Non può mancare un po’ di sana pioggerellina che mi costringe a richiudere dopo ogni serie di scatti l’attrezzatura nella custodia o a nasconderla sotto la giacca. Immagino che dal 1971 ad oggi la fotocamera ne abbia viste di tutti i colori, alcuni segni li porta con fierezza sulla sua scocca, ma mi dispiace sempre mettere a repentaglio l’incolumità della mia attrezzatura. Qui la Ilford FP4+ si è comportata benissimo, neri scuri e lucidi, dettagli nei riflessi sull’acqua, mi piace proprio!

Vicolo dei Lavandai
Vicolo dei Lavandai è parte della storia di Milano e mi ha sempre affascinato.

Nonostante le numerose ed evidenti limitazioni della Canon AV-1, (intesa per essere quasi una punta e scatta in priorità di apertura) una scena così difficile con una dinamica di luci così ampia non ha messo in difficoltà la mia Ilford HP4. La resa di questa pellicola mi stupisce sempre.

Vicolo dei Lavandai è parte a tutti gli effetti della storia di Milano, ma mia ha sempre stupito il trattamento che riceve pressoché tutti i giorni dagli avventori della vita notturna che lo prendono un po’ come pattumiera.

Naviglio Grande
Naviglio Grande, prospettiva verso la Darsena.

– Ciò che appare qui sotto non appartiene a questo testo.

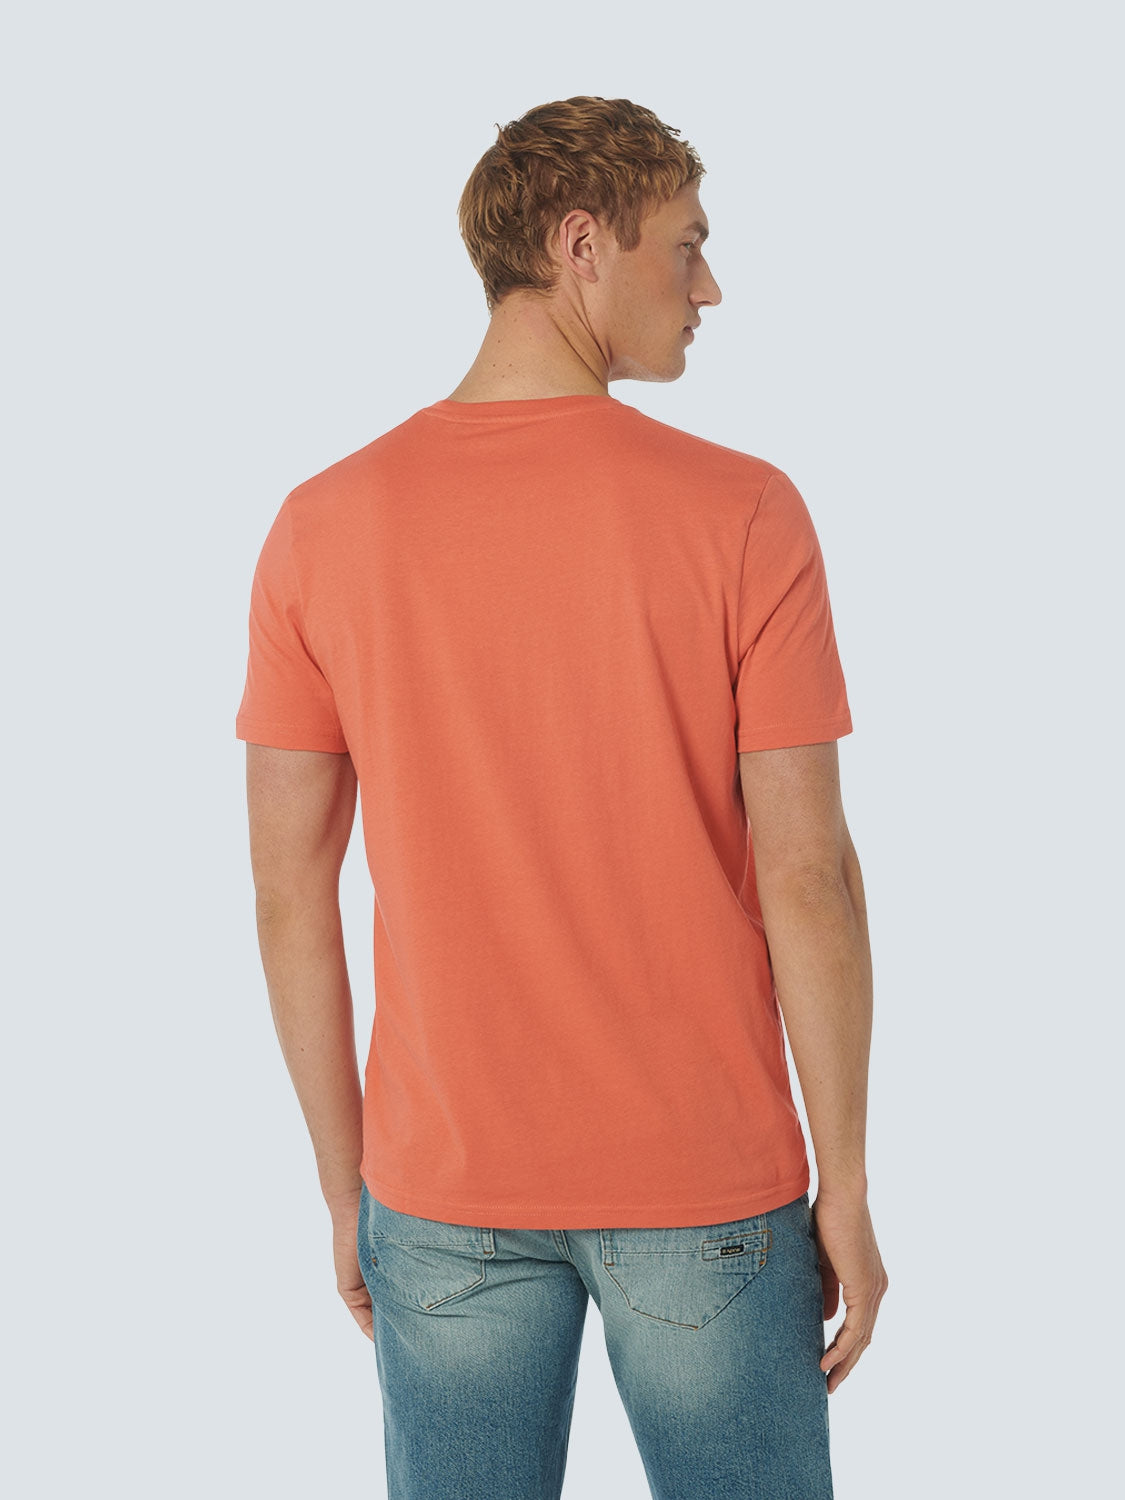 T shirt korte mouw -oranjerood

Il naviglio grande, esposizione “sbagliata” dovuta al riflesso del cielo nel naviglio su una fotocamera con esposizione media ponderata al centro. Nonostante l’errore, questa foto assume un fascino particolare: ricorda le foto della Vecchia Milano con tutta la carica nostalgica che ne consegue. La Ilford HP4 è recuperabile, infatti in fase di scansione o di stampa un errore come questo, di uno stop, è facilmente correggibile mantenendo comunque una dinamica molto buona, ma ho preferito lasciare la foto “sbagliata” per l’effetto “Vecchia Milano” che ne consegue. Avevo già parlato delle foto senza tempo qui.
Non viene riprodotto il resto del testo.